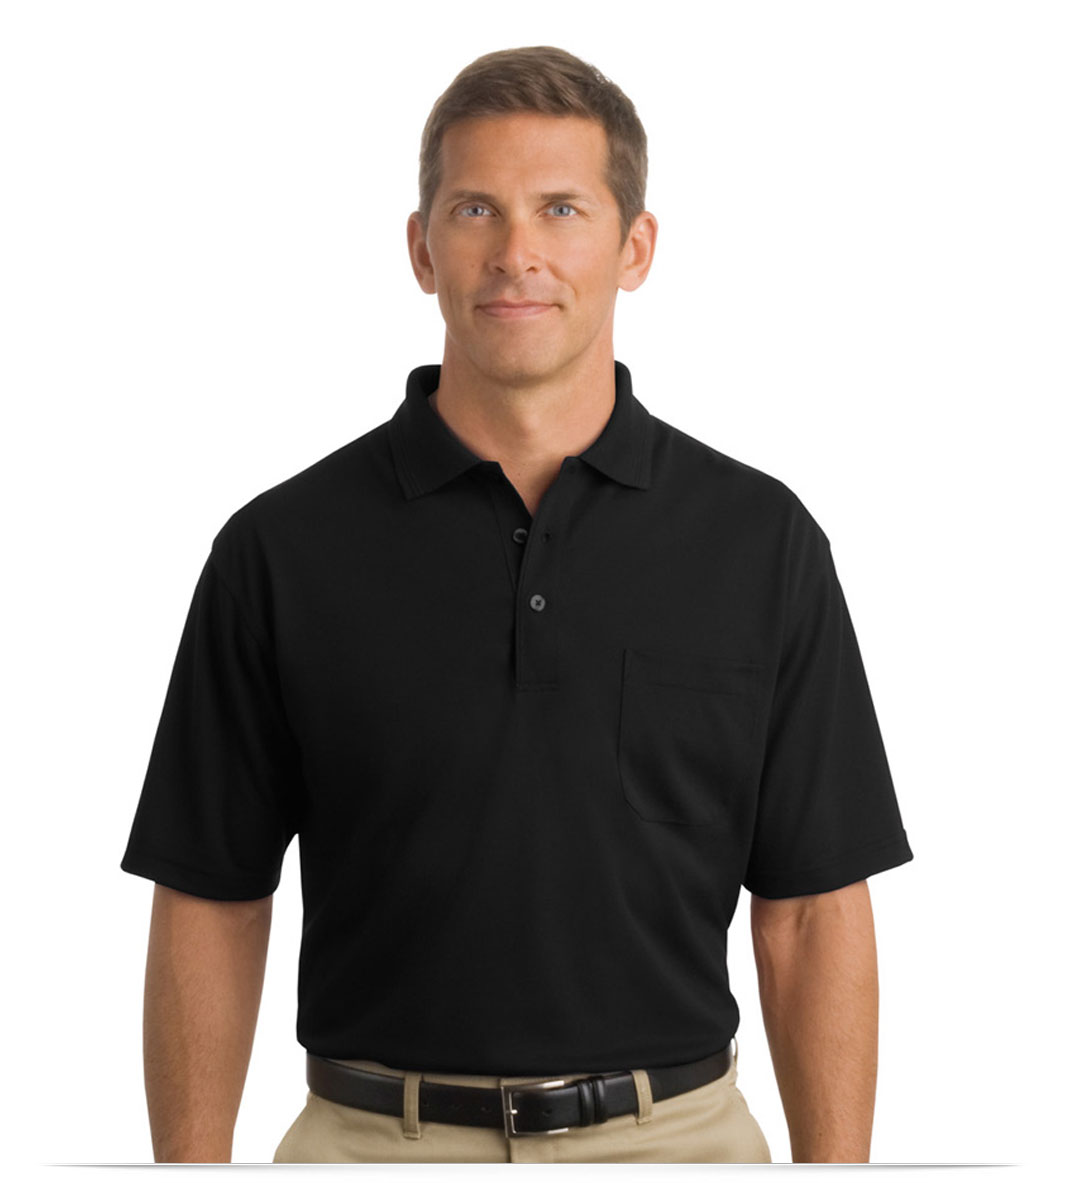 Embroidered Industrial Custom Polo Shirt with Pocket
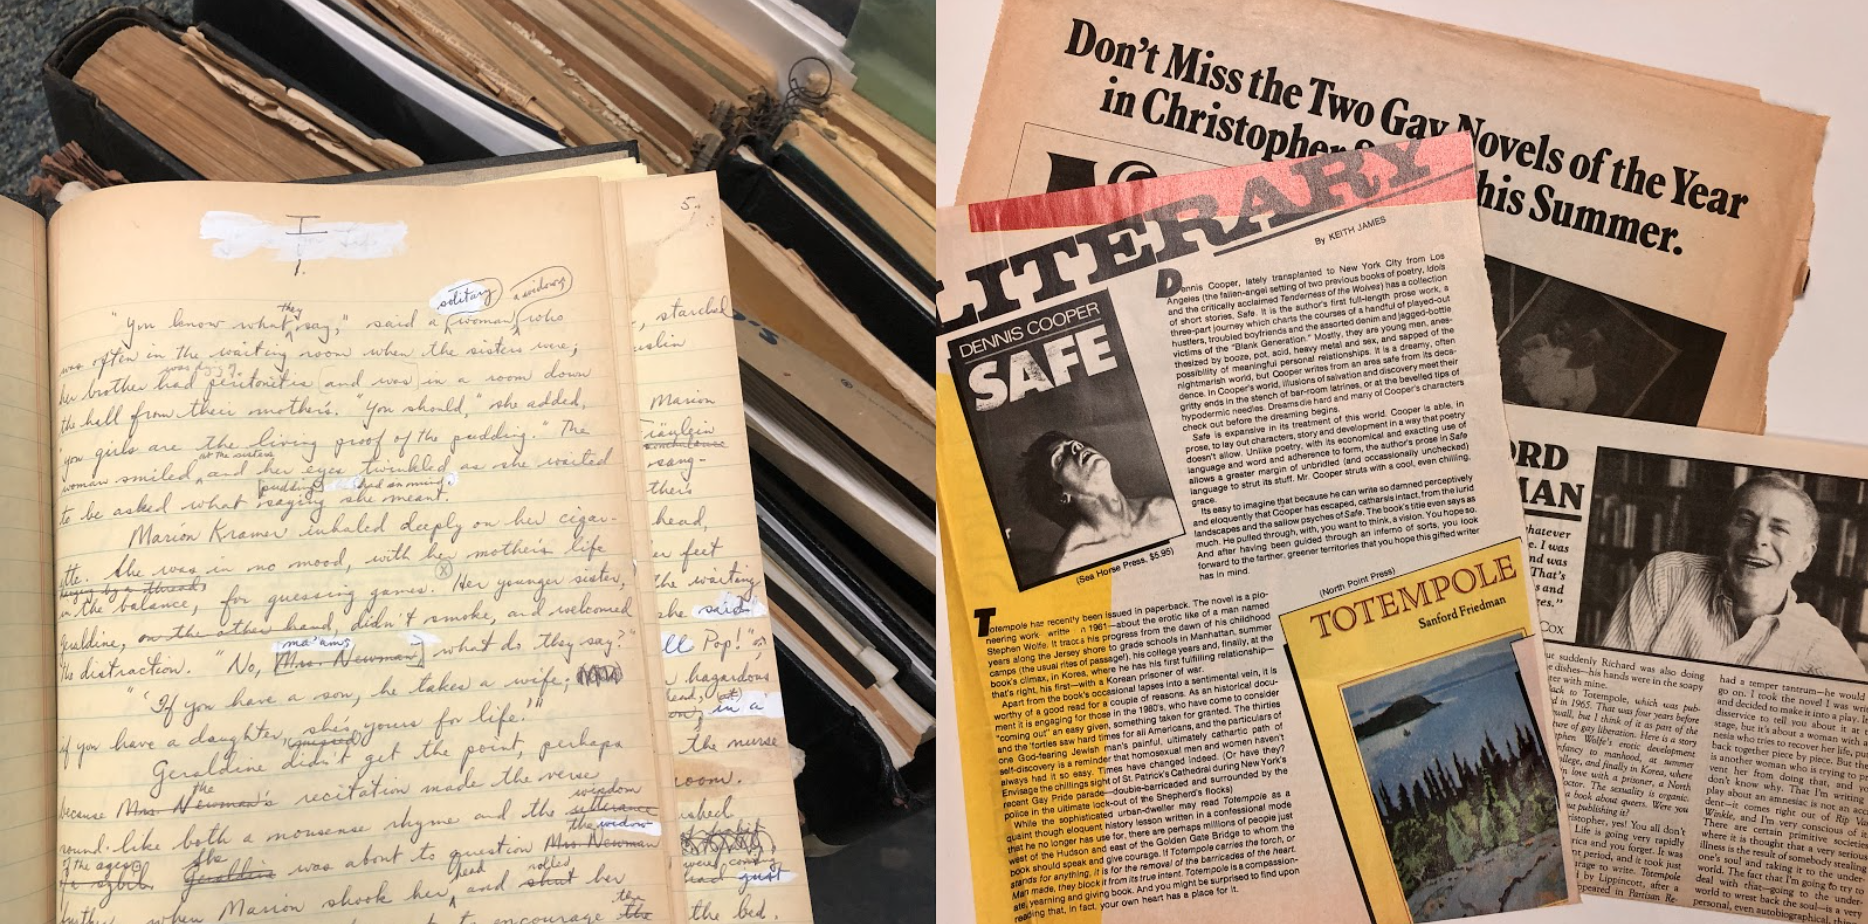 Left: Manuscript. Right: Press clippings featuring reviews of “Totempole”.
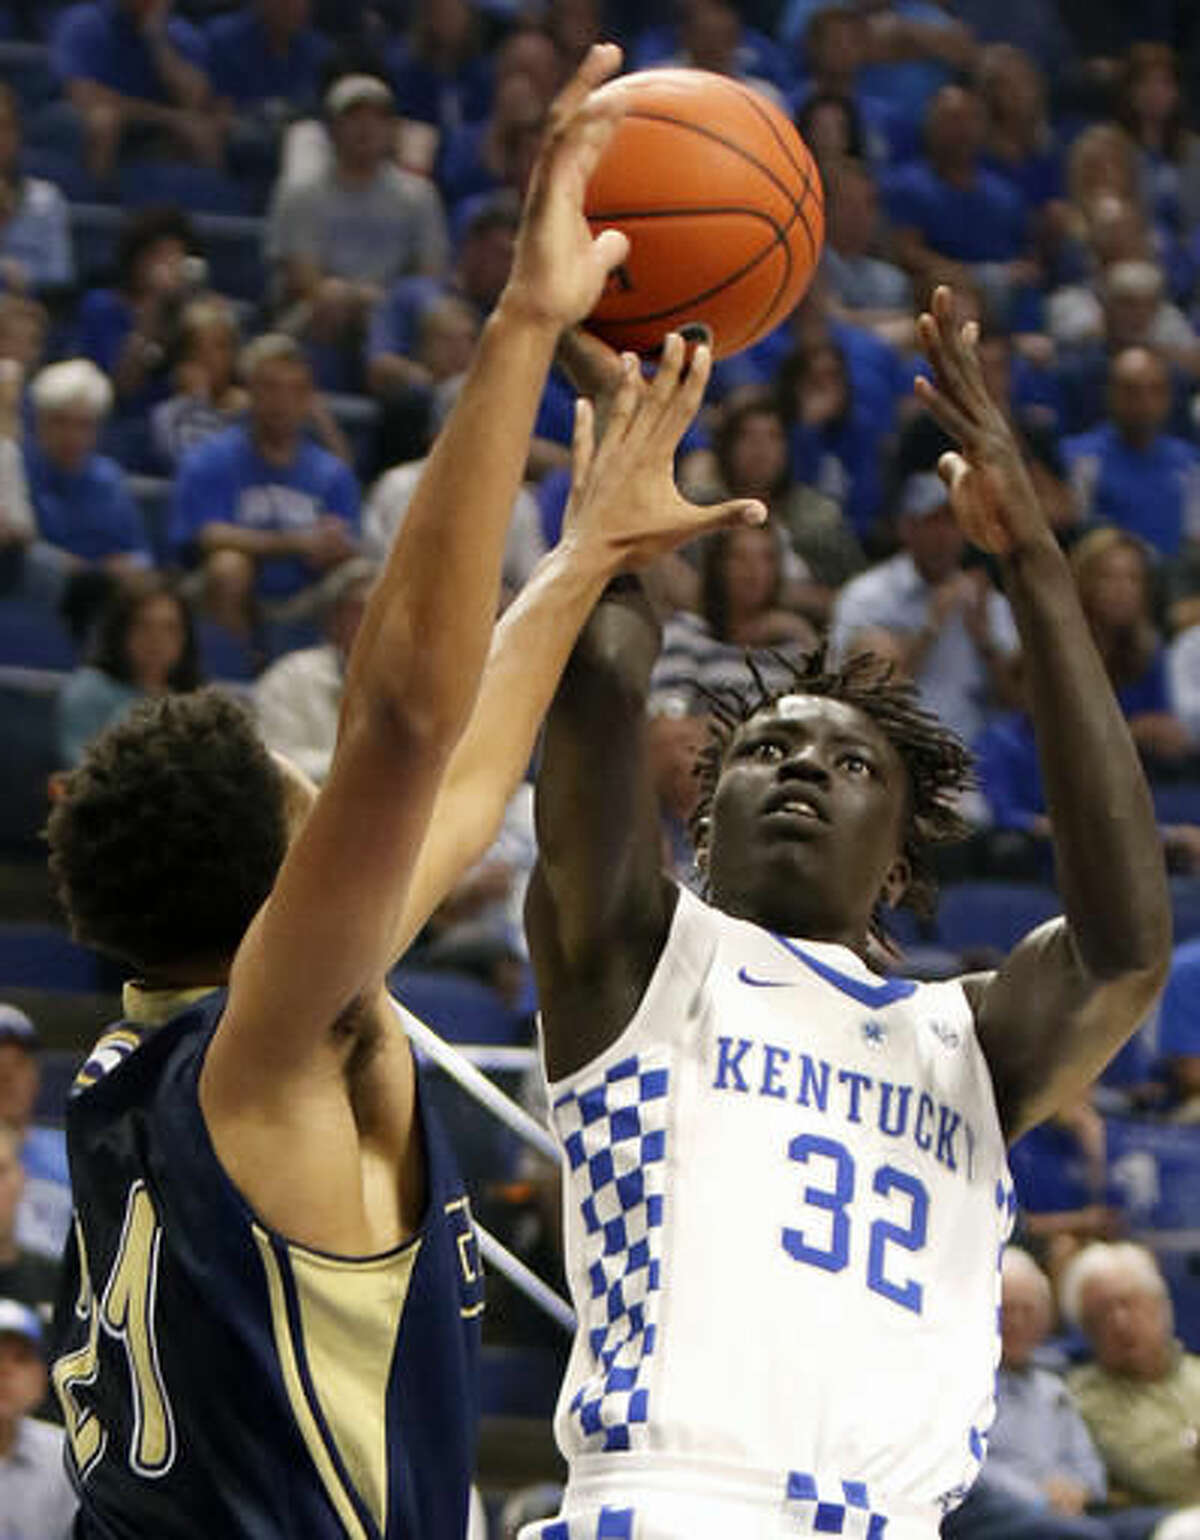 FILE - In this Oct. 30, 2016, file photo, Kentucky's Wenyen Gabriel (32) shoots while pressured by Clarion's Justin Grant during the first half of their NCAA college basketball exhibition, in Lexington, Ky. Kentucky’s John Calipari landed five of the nation’s top 24 prospects according to composite rankings of recruiting websites compiled by 247Sports. The new Wildcats include guards De’Aaron Fox, Malik Monk, Bam Adebayo, Wenyen Gabriel and Sacha Killeya-Jones. (AP Photo/James Crisp, File)
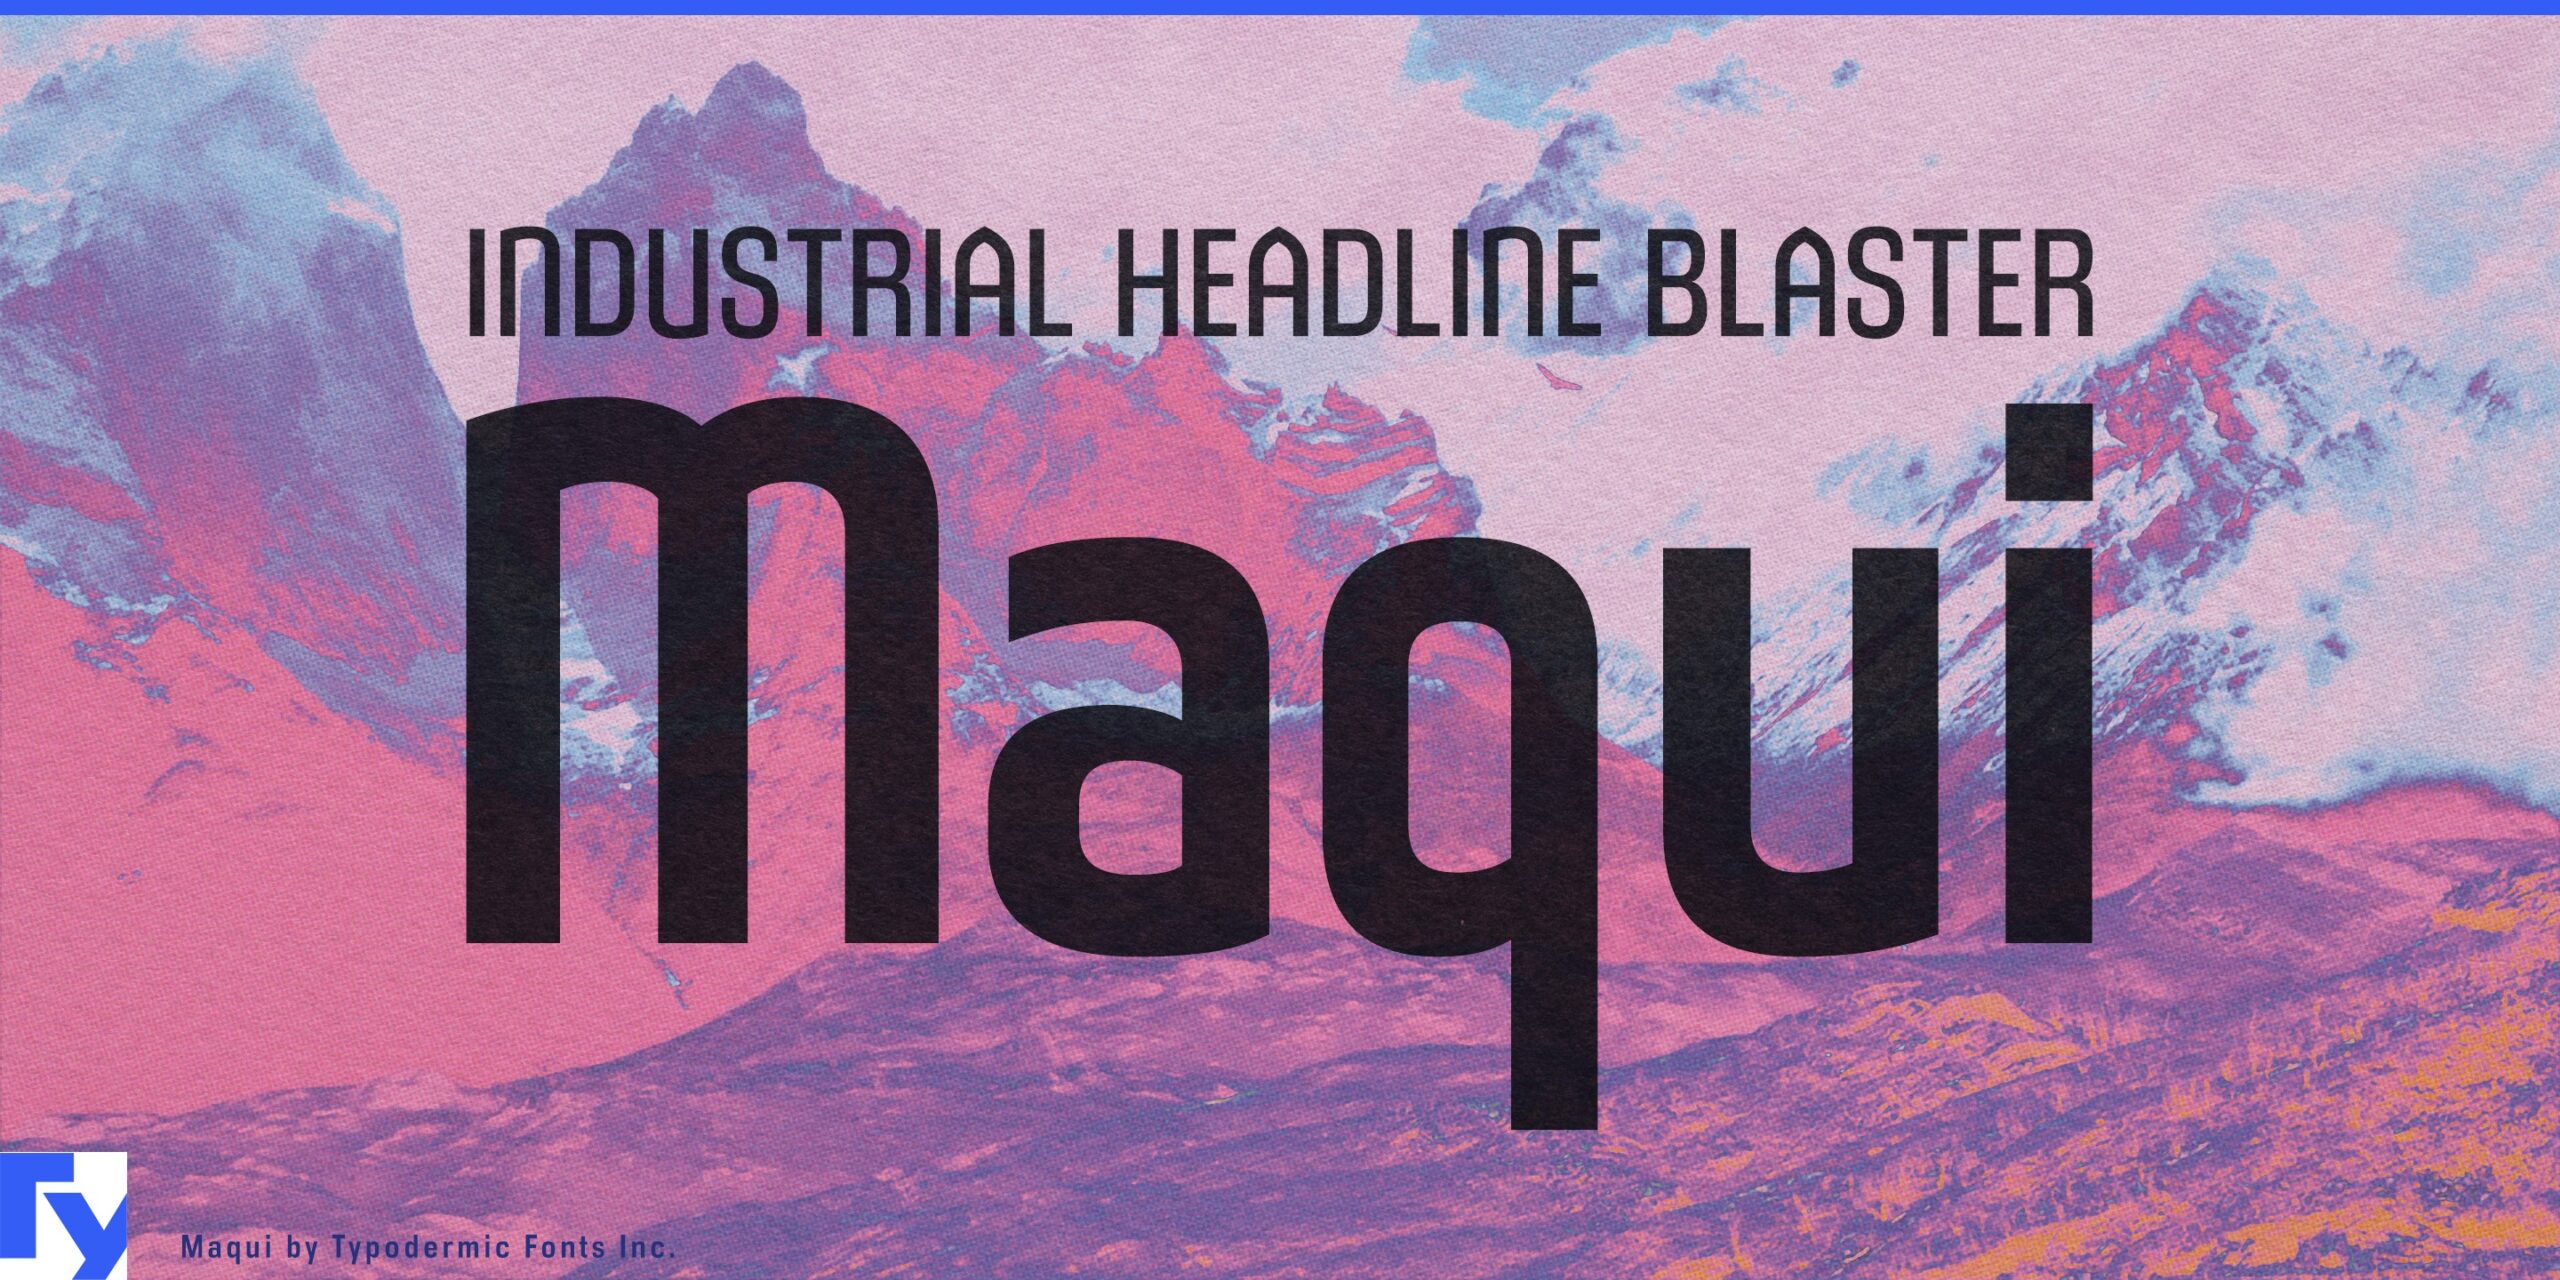 Delicate and Delightful: Maqui Typeface for Subtle Text

_What is expected_.
Drop the pictures, then transcribe the lines from the one containing "FILE - In this" to the end of the data above, exactly and nothing more.

_Reply_.
 FILE - In this Oct. 30, 2016, file photo, Kentucky's Wenyen Gabriel (32) shoots while pressured by Clarion's Justin Grant during the first half of their NCAA college basketball exhibition, in Lexington, Ky. Kentucky’s John Calipari landed five of the nation’s top 24 prospects according to composite rankings of recruiting websites compiled by 247Sports. The new Wildcats include guards De’Aaron Fox, Malik Monk, Bam Adebayo, Wenyen Gabriel and Sacha Killeya-Jones. (AP Photo/James Crisp, File)
 Delicate and Delightful: Maqui Typeface for Subtle Text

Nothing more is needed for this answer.